Artificial Intelligence drives incredible amounts of economic value. Almost all of the economic benefit created by AI today is generated using the input-output data machine learning process (for more information read previous blog post). Standard examples of this are loan approvals and targeted online advertising.
In the first case, Machine Learning (ML) algorithms are fed with data describing client characteristics and outputs, informing of whether said clients are likely to be able to pay their debts or not, if accepted for a loan. With these data sets, machines learn from customers’ financial histories and become experts in evaluating new loan applications, thus significantly reducing risk for the bank.
Where online advertising is concerned, ML algorithms are provided with records of consumers’ habits, so they can easily identify customers with similar preferences and make appropriate suggestions for future purchases. A prime example would be the Amazon recommendation system. This allows companies to build more ”intimate” relations with their customers, benefiting both their bottom line and giving the customer exactly what they want.
Two success stories of employing ML within the banking industry are those of Man Group and Bank of America. Man Group Plc. in particular, built a system that evolved autonomously, finding money-making strategies where humans had failed to, and the results were startlingly good. By 2015, artificial intelligence was contributing roughly half the profits in one of Man’s biggest funds.
Consumers today are accustomed to the types of seamless mobile experiences provided by apps like Uber and Airbnb, and want banking experiences that match them in terms of ease, accessibility and speed. To this end, Bank of America introduced Erica, their new digital banking assistant. Erica uses artificial intelligence, predictive analytics and cognitive messaging to help customers make payments, check balances, save money and pay debt. As systems like Erica integrate deeply in our lives, we should expect the rise of fully-synchronised voice banking, payments and commerce.
The Rise of AI
There are three important factors that are responsible for the recent boost in all things AI. First, the availability of data. We are very good at producing and collecting data, generating enormous amounts of data on a daily basis, and as a result, we have had to develop ways to collect it more efficiently.
Secondly, our computational power has dramatically increased over the last decade. A graphic processing unit (GPU) together with a central processing unit (CPU) allow for parallel processing that greatly accelerates computing and its potential for further growth in the future.
The final factor, is the algorithmic innovation that has allowed us to process vast amounts of data with great scalability. These three factors allow us to leverage data for effective machine learning. Here lies one of the main causes responsible for the outstanding performance of ML algorithms. They can learn from massive amount of data, recognize patterns, combinations of patterns at a far greater speed than humans. This is the main reason that ML models can achieve results that surpass human level performance in many areas.
Besides the supervised methods of learning (input–output data), we have succeeded in transferring learning between domains. For instance, to go back to my original example of a data set containing labelled images of either lemons or apples, we may have algorithms that have been trained there, to classify images of those two fruits.
We can then use this trained algorithm in areas such as medical diagnosis, in cases where we don’t have a lot of data. So we can use the learning acquired from the above data set of lemon and apple images, to distinguish adult x-ray images from those of children, for example.
Even though today we are experiencing an AI shared economy, with open resources and software available to everyone, it is the data that builds defensive business. Nowadays all the techniques necessary to train a ML model are widely accessible. We have enough access to computational power, so the only restrictive factor is data.
It is often the case that the existence of data drives the creation of products. As consumers use products, they create more data, that in turn is used to train machines yet further. In this manner, products can be continuously improved and the possibilities are endless. As a consequence, companies have access to enormous data sets, which becomes their greatest asset and the root of their growth.
It is commonly accepted that a company with a web page is not necessarily an internet company.
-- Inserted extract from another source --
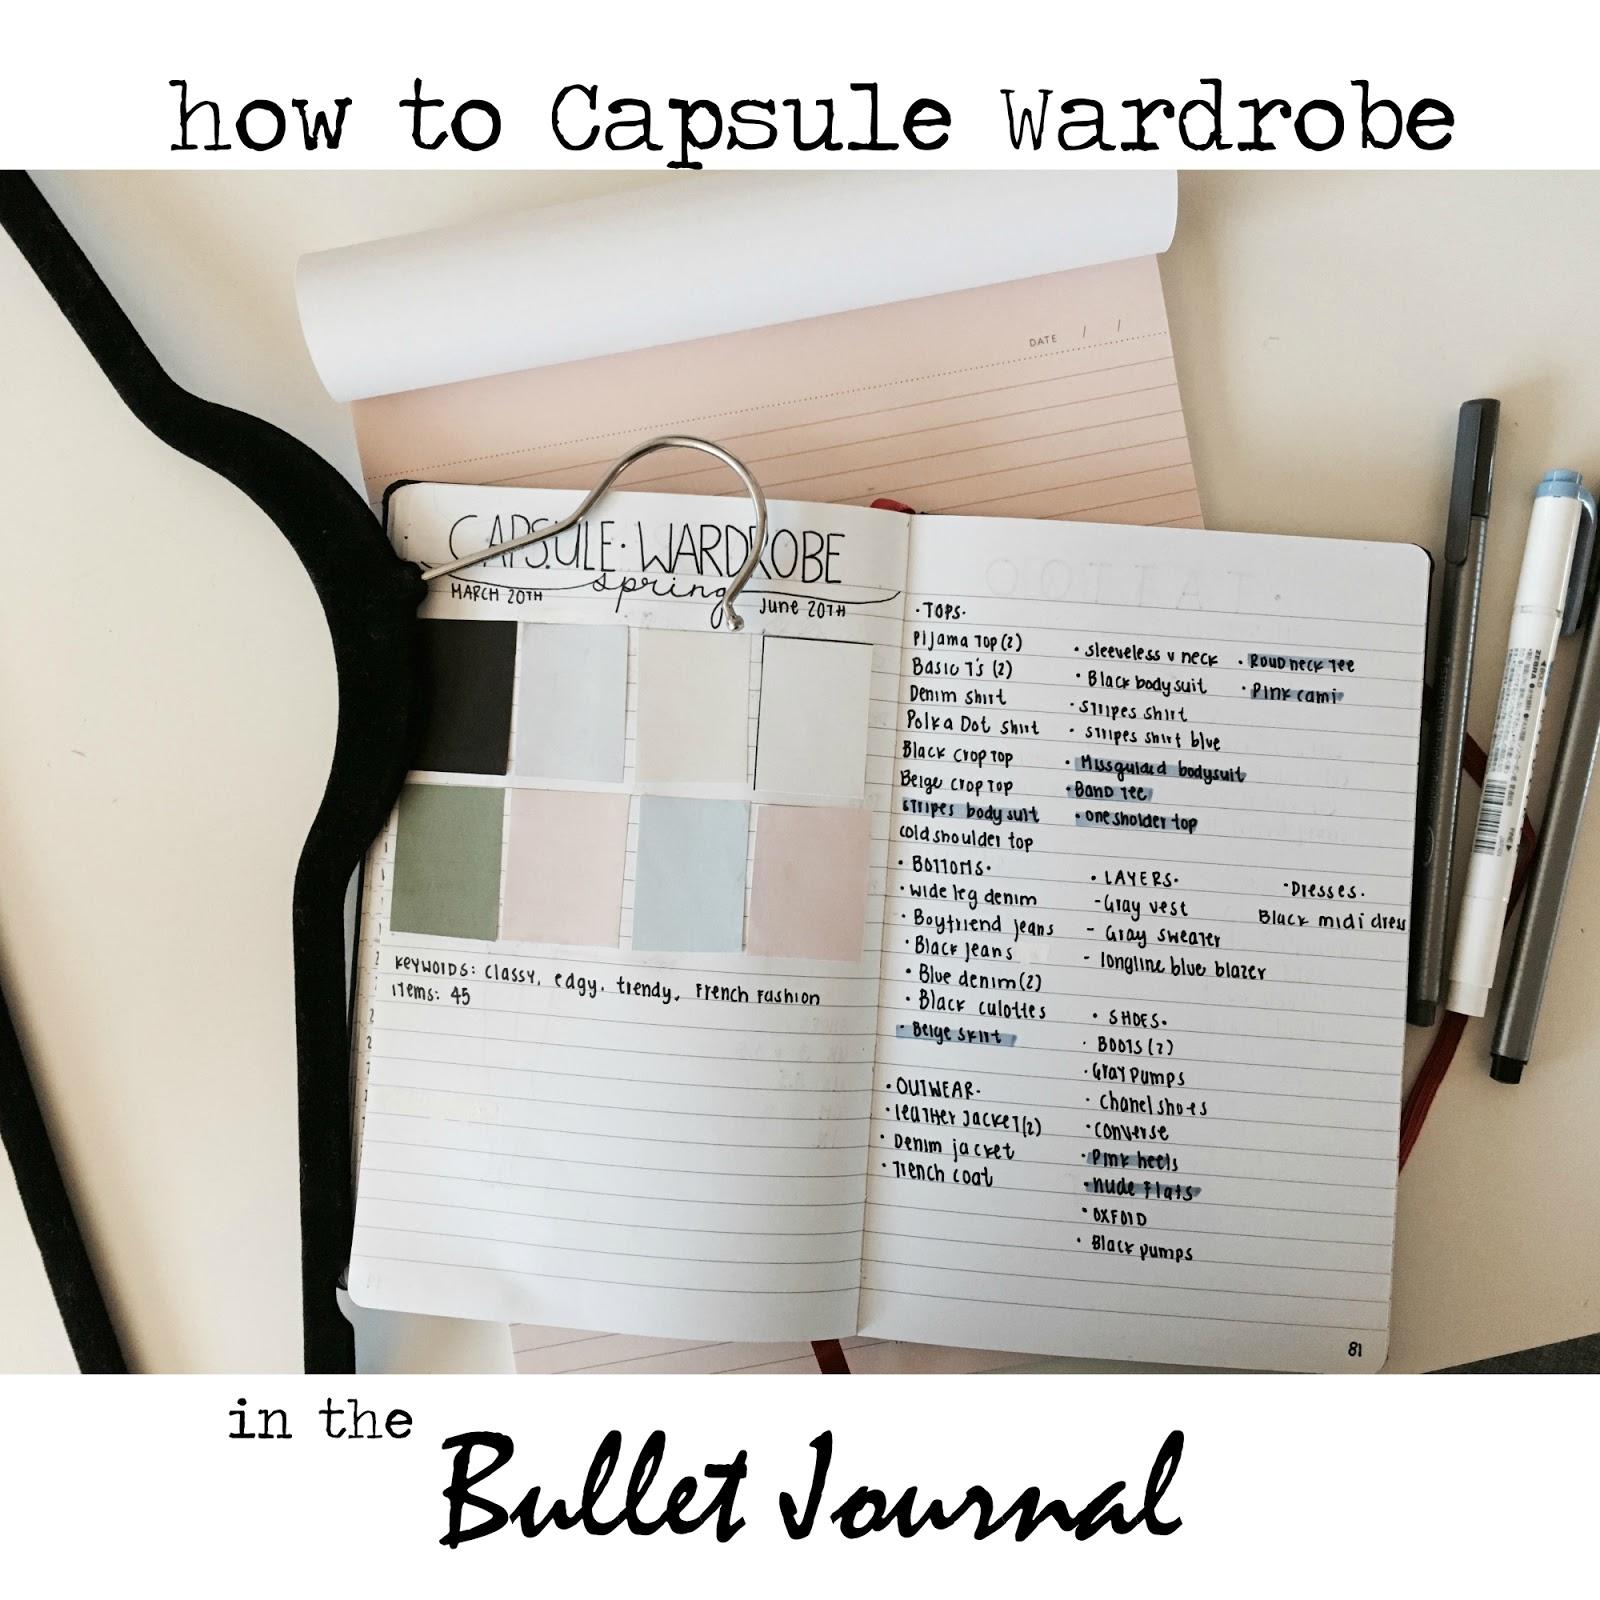 HOW I CAPSULE WARDROBE IN MY BULLET JOURNAL| SPRING 2017 ...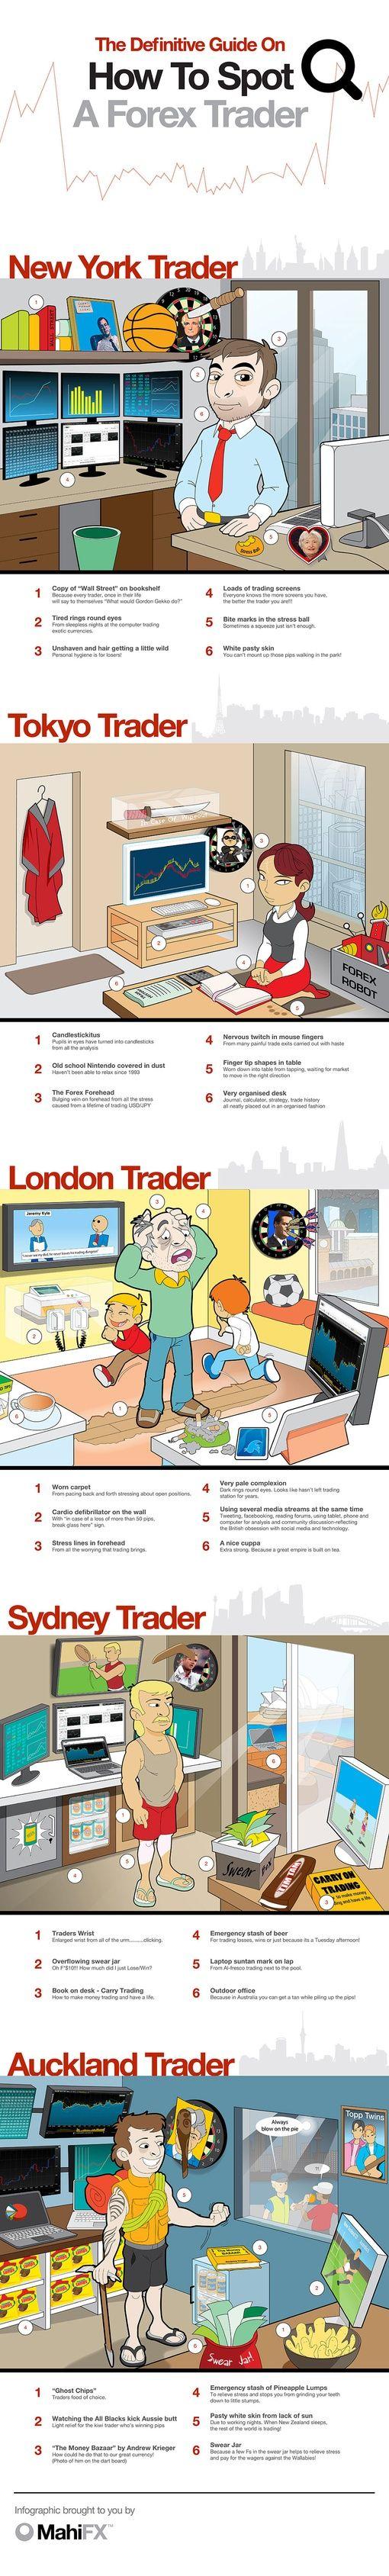 Fx spot trader jobs london

Only when it posses the architectural organisational structure to leverage internet capabilities does it become an internet company. The same applies with AI. Just the use of ML algorithms does not guarantee a company’s best use of the new technology. The very first prerequisite is strategic data acquisition. Then, within and across the whole company, a unified data policy must be followed. As a result, every data science team and engineer could have access to data. After the collection of data, the next step is to build a centralised AI team, which communicates with all the other units in the company. Scientists from AI team then can address the individual needs of each unit.
AI is not a finished product. Is an autonomous self-learning process that has to be customised to fit the needs of the institution that makes use of it. It requires trained Data Scientists who can figure out the necessary input–output data, fine tune the ML algorithms and eventually produce well trained models.
It is necessary for a company to be alert and understand the abilities and limitations of AI. Then they should decide how AI could best meet its requirements. Throughout this process, certain products of pre-trained models can be helpful. The company must have a clear vision and the capacity to navigate its own way through the AI ecosystem. In this manner it remains ”lean” and not burdened by too many generic products provided by the preeminent vendor AI companies.
These companies have very skilled teams that may lead research, but in the end each institution has its unique characteristics and should adapt AI to them. Being ”lean” will enable these organisations to be more flexible and achieve exponential growth, much more quickly.